Reader’s Scigest 05-03-15

zombie_400x600By Sadie Bartholomew

Bizarre Quasar

Astronomers have detected a black hole larger than any seen before in the centre of the brightest quasar in the distant universe. Having formed only 900 millon years after the Big Bang and with a mass 12 billion times that of the sun, SDSS J0100+2802 is puzzling scientists who can’t understand how an object so large and massive formed so quickly in the early universe using current theories. The quasar containing the enormous black hole was discovered in a recent survey of distant luminous objects.

Drastic tranplants ahead?

Italian surgeon Sergio Canavero has claimed that the first full-body transplant, where a living person’s head is removed and grafted onto the body of a dead donor, could be carried out with humans in just two years. Canavero first proposed the idea in 2013 as a method for lengthening the lives of those with cancer in advanced stages or degenerative diseases. He has recently published an outline of how the radical surgery could be carried out, and is expected to announce detailed plans for making the procedure a reality at the American Academy of Neurological and Orthopaedic Surgeons (AANOS) annual conference this June. Head transplants have previously been performed with partial success in monkeys, though no attempt has yet been made to fuse spinal cords.

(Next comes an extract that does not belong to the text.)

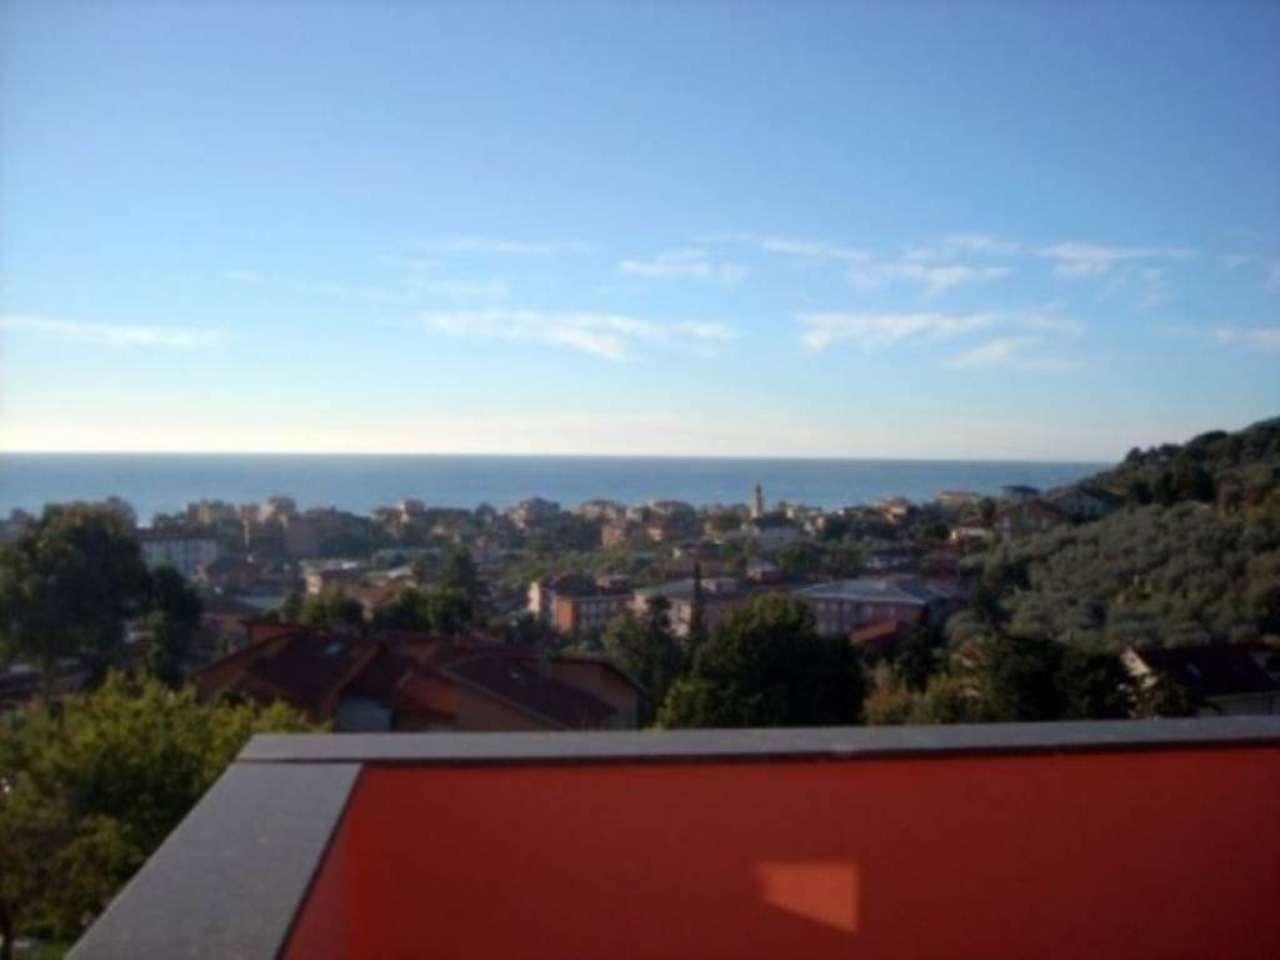 Appartamento in vendita a San Bartolomeo al Mare, 3 locali, prezzo € 198.000 | CambioCasa.it

Statistical Mechanics of a Zombie Apocalypse

Traditional disease modelling has been applied in the context of a hypothetical zombie outbreak by a group of graduate students from Cornell University. The statisticians, inspired by the book ‘World War Z’ by Max Brooks, simulated an apocalypse in the United States, treating various interactions, such as a human being bitten or killed by a zombie, like radioactive decay by assigning a half-life dependent on relevant parameters. They determined that the safest place for Americans to hide would be the northern Rocky mountains, which would take several weeks for the zombies to reach, with major cities, being the most populous areas, having the highest infection rate.